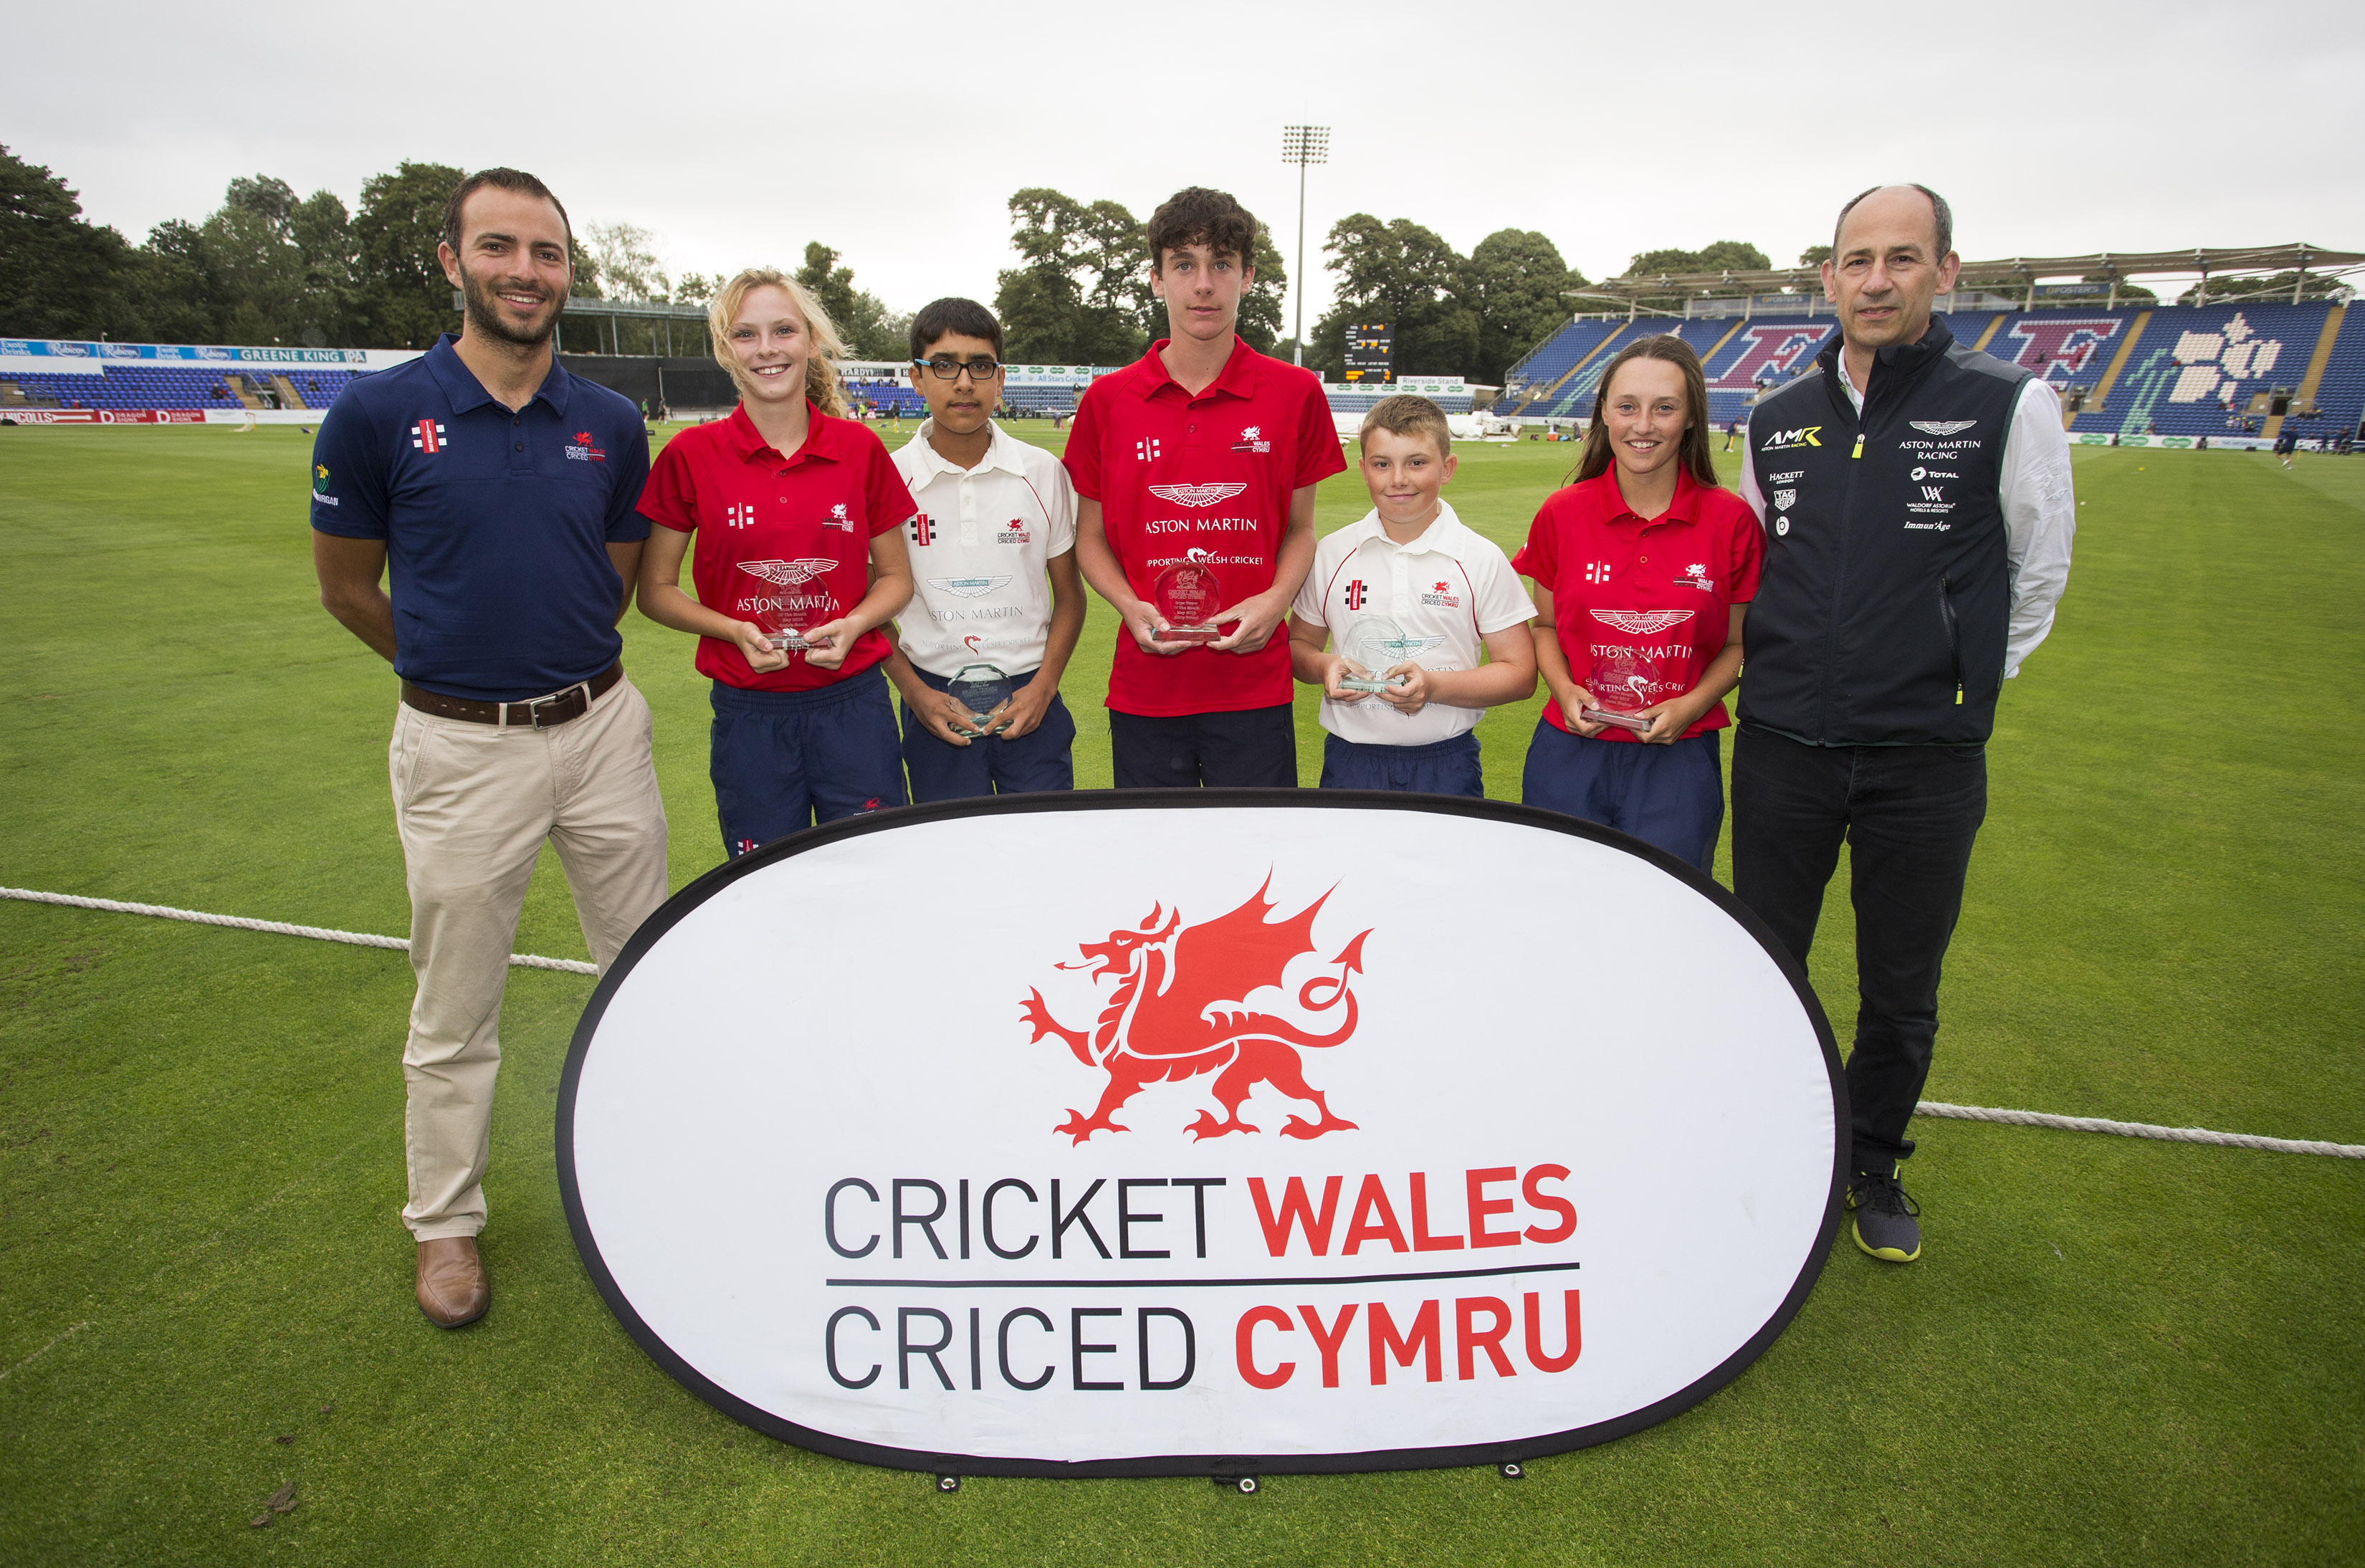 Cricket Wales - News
........
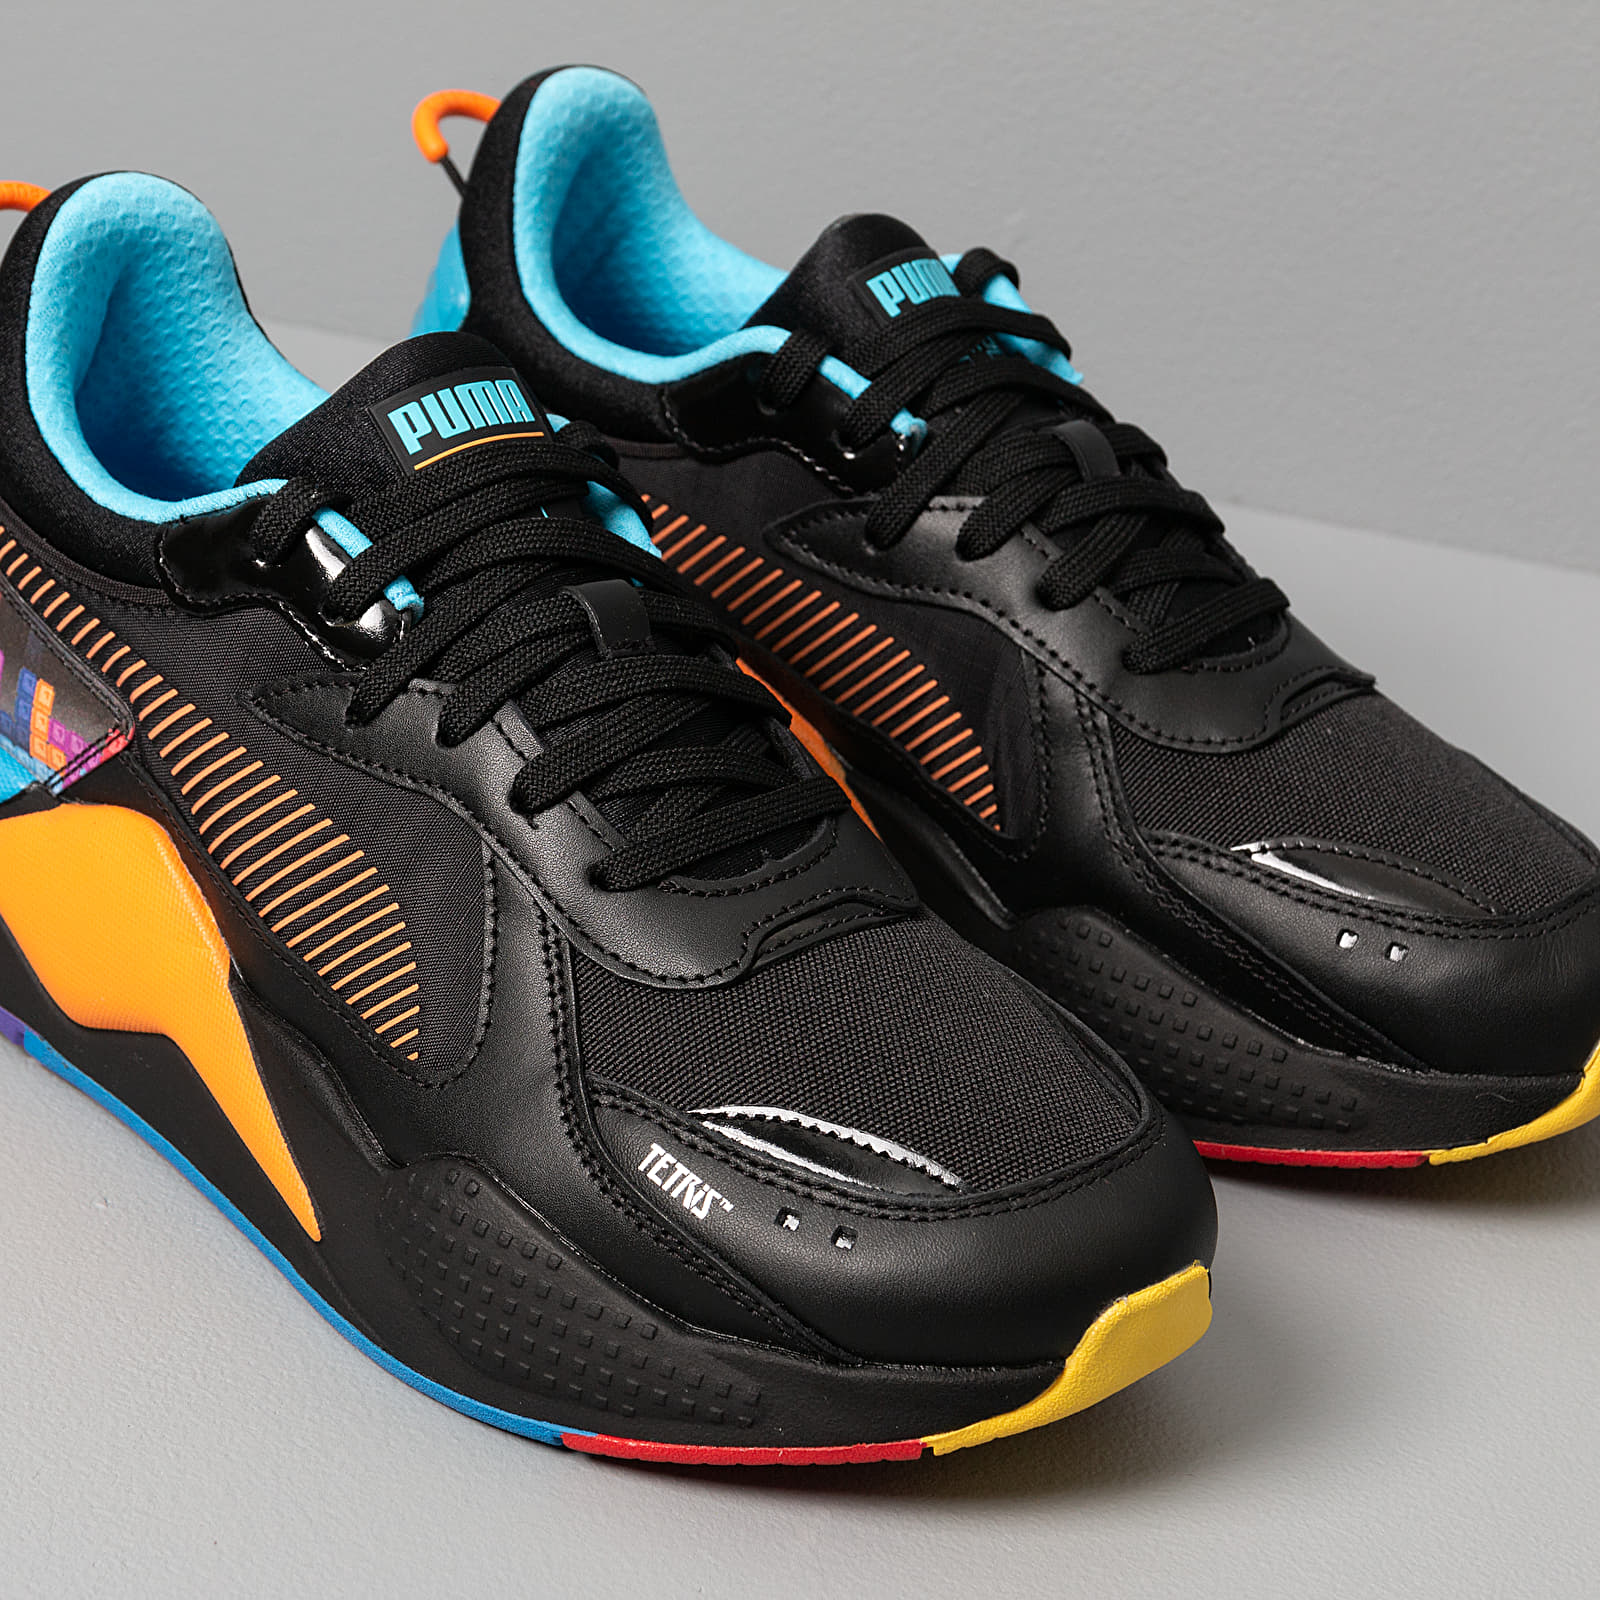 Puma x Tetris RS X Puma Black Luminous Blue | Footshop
........
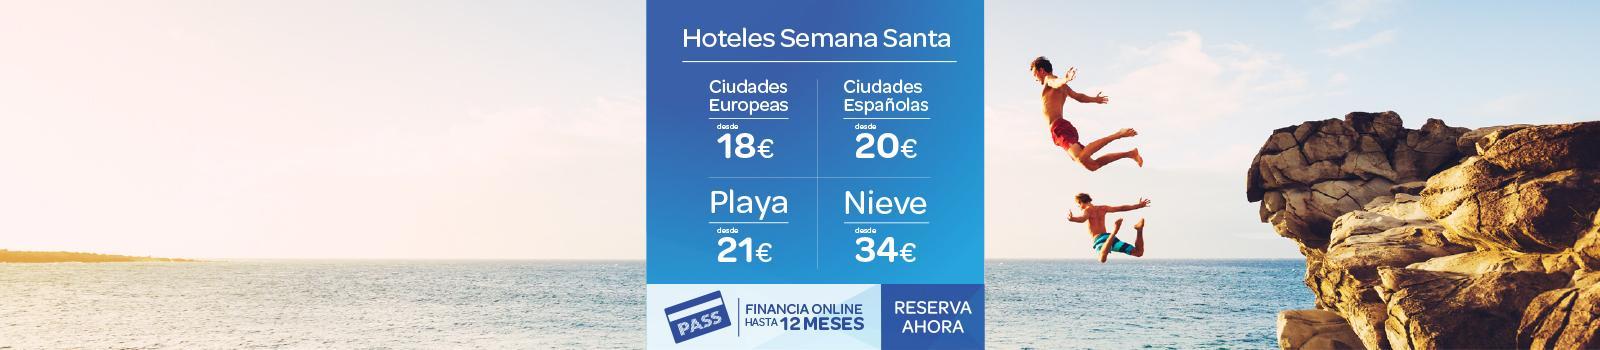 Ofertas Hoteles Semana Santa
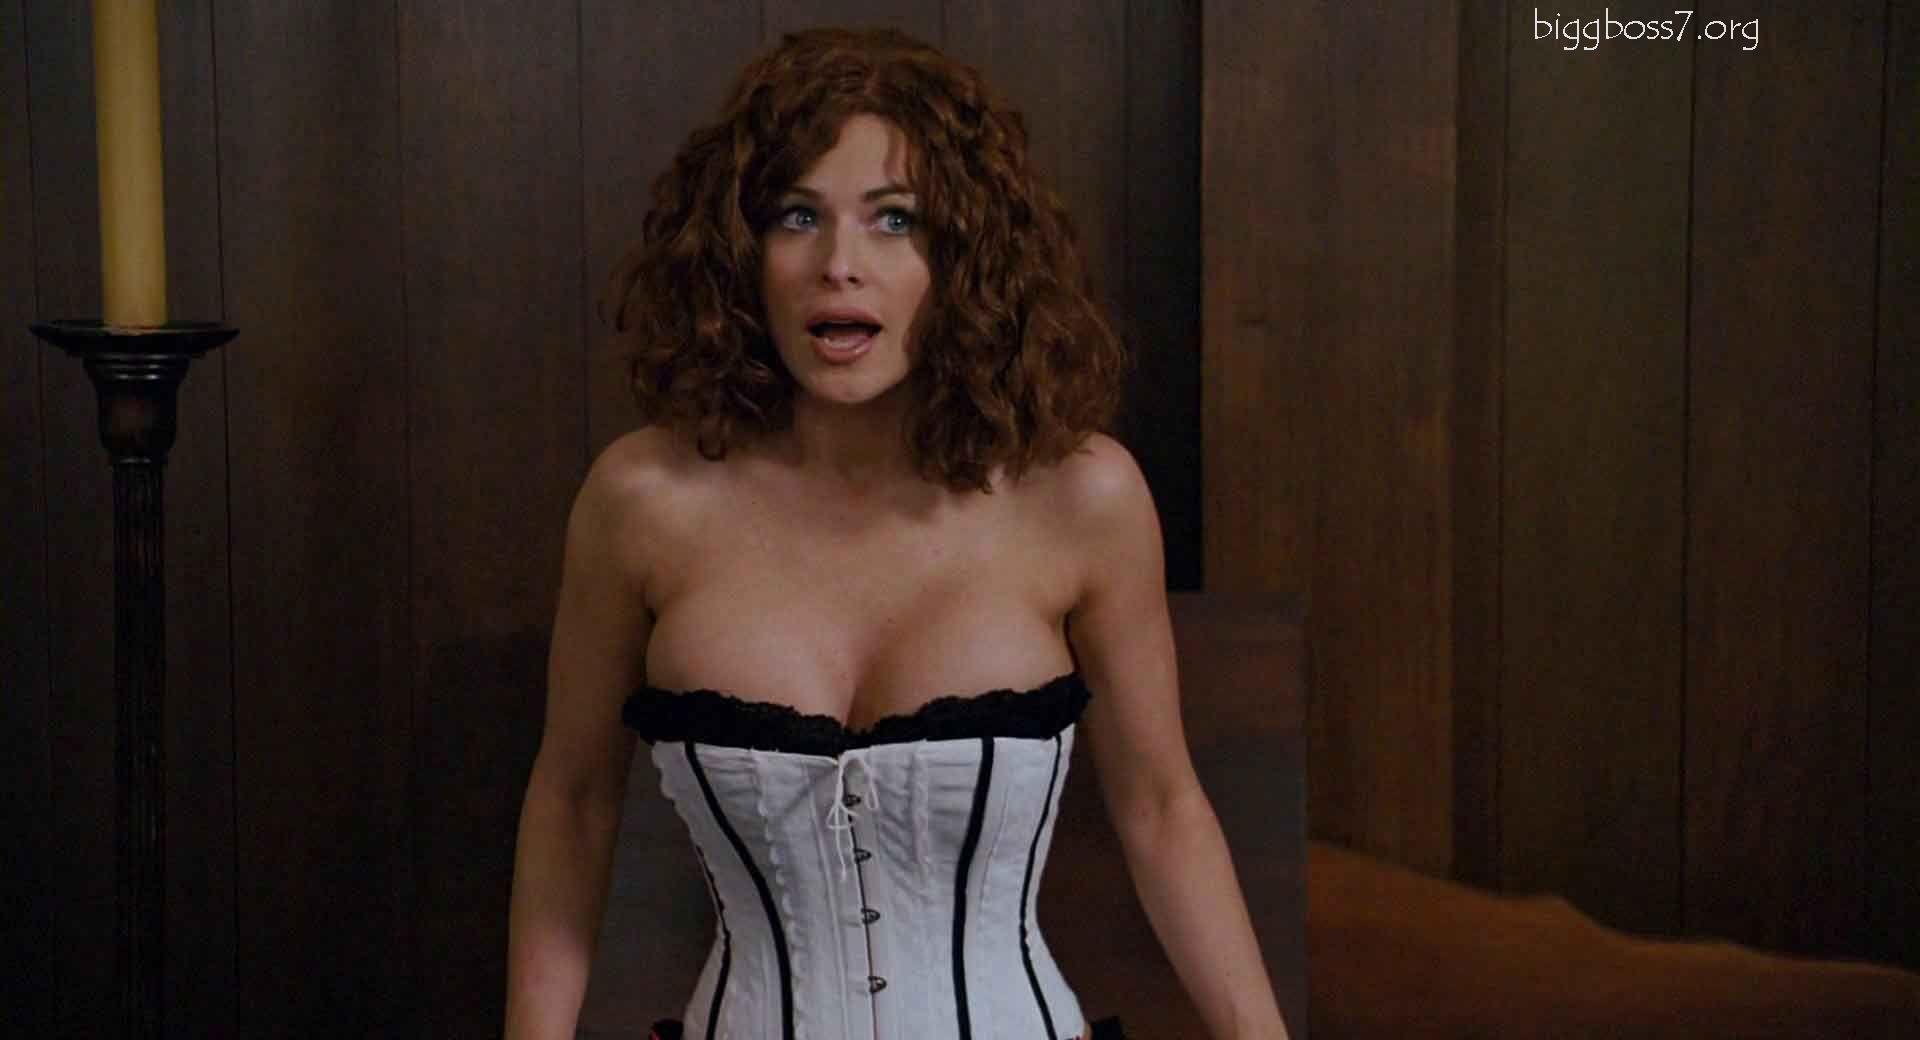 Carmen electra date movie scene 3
........
= TASK TO CARRY OUT =
For this task, return exactly the stretch of the listing above from the line with "Ofertas Hoteles Semana Santa" through the line with "Carmen electra date movie scene 3", inclusive and without pictures.

= ANSWER FOR THE TASK =
 Ofertas Hoteles Semana Santa
 Carmen electra date movie scene 3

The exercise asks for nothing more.